Юность - Николай Иванович Кочин
Красен в полях, цветен в лугах
Цветочек незабудка!
Гремуч в лесах, певуч в садах
Весенний гость соловьюшка!
А краше мне, дороже мне,
Пригляднее, приятнее —
Души моей красавица!
А кто она и где она,
Никто про то не сведает…
Ни здесь она, ни там она,
Ни у белой груди моей!
А день и ночь, как свет очей,
Огнем горит, лучом блестит,
Звездою предрассветною!..
Я запечатал пакет, приложил к нему штамп сельсовета и отослал стихи с посыльным, как официальную бумагу. Несколько дней я ходил, как слепой котенок, спотыкаясь на ровном месте, и все ждал письма. Мне казалось, что она ответит мне тоже стихами, которые обожгут меня, как огонь. В ближайшее воскресенье, проходя мимо нашей избы, Прасковья Михайловна подала мне конверт. Я сразу догадался в чем тут дело: румянец победно разлился по моим щекам, и глаза не могли скрыть счастливого смущения. Я развернул бумагу и увидел, что это были мои стихи, присланные обратно… Сердце мое похолодело.
— Она велела передать тебе и сказать, — промолвила добрая учительница, поднимаясь к окну по завалинке, — что эта песня не подойдет ни для пения, ни для декламации. Это, говорит, слишком сентиментально, для деревенского слушателя неподходяще.
— Это вовсе не для зрителя и слушателя, — сказал я, — это для нее специально.
— Ах! — всплеснула она руками. — Для нее специально. Вон оно что! Так бы и писал, а то ввел в заблуждение девушку. Ну, тогда другое дело, это ей понравится. Давай, я отдам ей обратно.
— Нет, — резко и с горечью сказал я, — такие послания не возвращают. Я не могу позволить смеяться надо мною. Дудки!
И выйдя в сени, я разорвал в клочья эти стихи, вскрикивая с укором и досадой:
— Эх! А еще епархиальное училище кончила, Пушкина читала, а не могла догадаться, что к чему…
ПЕСТРЫЙ ПРОМЕЖУТОК
— Могу ли я приобрести мудрость в твоей уединенной библиотеке?

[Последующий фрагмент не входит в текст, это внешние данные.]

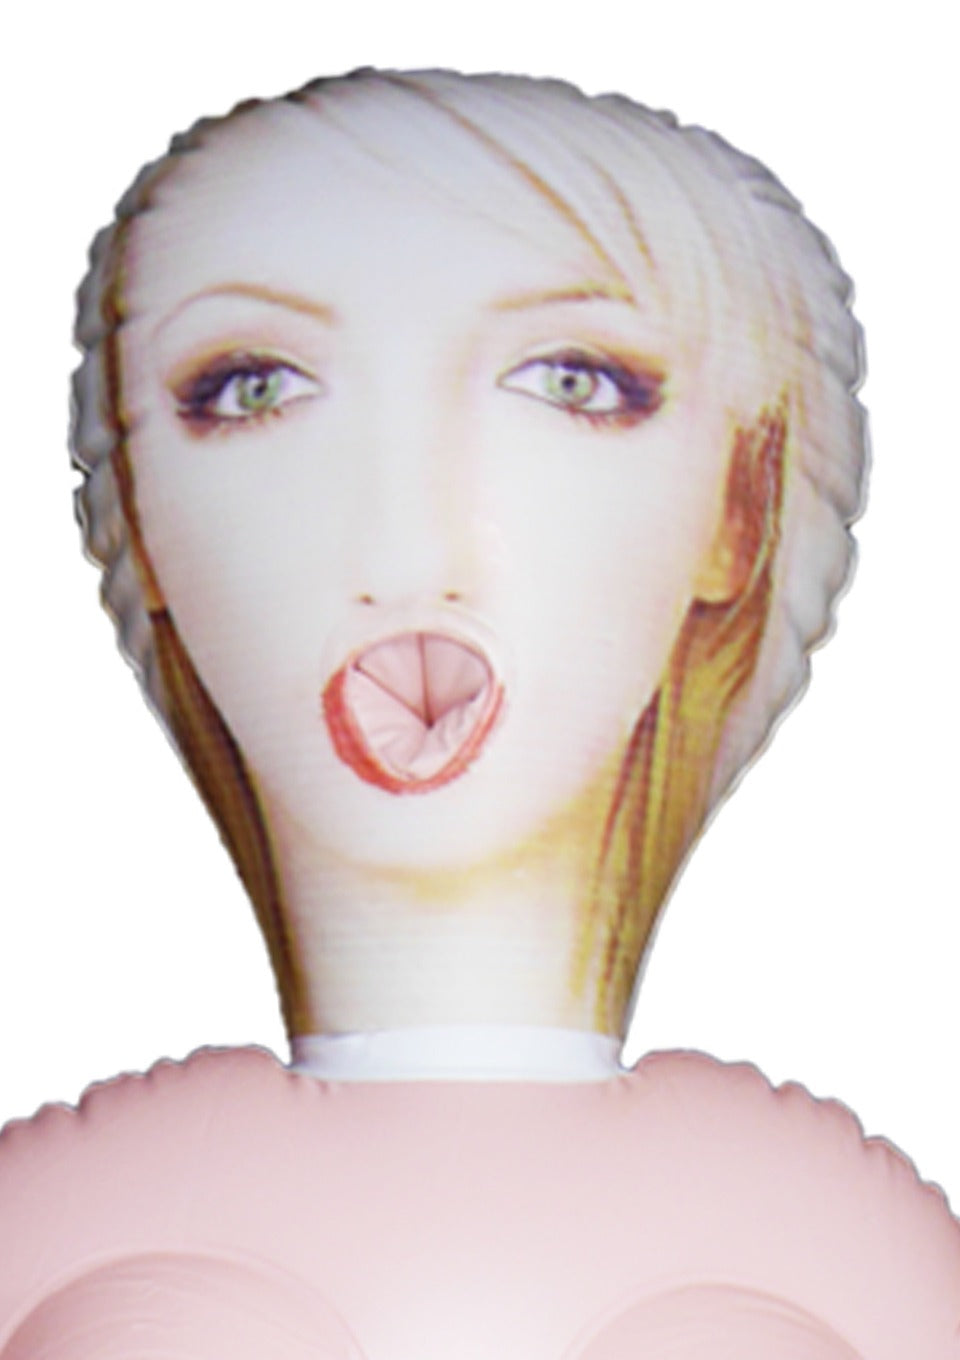 Bossoftoys - 26-00016 - Bruksela love doll - 150 cm - Blowup doll - Triple holes - Masturbator - Inflatable doll

— Откажись ото всех наслаждений жизни, питайся стручковыми овощами, пей воду, беседуй только с мудрыми и учеными мертвецами…
— Как? Но ведь это значило бы умереть ради мудрости!
Вальтер Скотт
Весною мы провожали Васю в Красную Армию. По старой привычке, перенятой у прежних поколений, призывники ходили по улицам и собирали «на веселье». Всей компанией они останавливались под окнами избы, и один из смельчаков взывал:
— Тетя Орина, в Красную Армию едем, сыну привет, выходи с нами проститься.
Уходящим в армию никогда не отказывали и одаряли их самым лучшим из снеди: свежими яйцами, сметаной, некоторые давали самогон и деньги. И уже за неделю до отъезда в армию ребята бросали домашние дела и принимались «гулять». Они бродили по селу с гармошкой, увитой лентами, и где приведется, останавливались и отплясывали под припев:
Эх, бей боты,
Разбивай боты,
Скоро, девки, стану я
Командиром роты.
Девушки раньше обычного срока выходили тогда к завалинкам, на проулки, на околицу и усаживались в ряд, белые, как гусыни. Зачиналось обоюдное любованье. Ребята обделяли их горохом и чечевицей, которые заменяли тогда в праздничном обиходе подсолнечные и тыквенные семечки, а девушки, в свою очередь, вышивали ребятам кисеты, готовили носовые платки, и украдкой каждая дарила их тому, который был ей мил. Вечерами тихие пары разгуливали между амбарами околицы, белели у плетней и шептались у крыльца. Призыв в армию всегда вносит в деревенскую жизнь элегическую праздничность. Взрослые, главным образом, вздыхают и изрекают мудрые советы и пророчат всякие напасти, а молодые целуются за заборами, клянутся быть верными до конца войны и веселыми голосами вскрикивают песни так удало, что петухи прячутся в подворотни.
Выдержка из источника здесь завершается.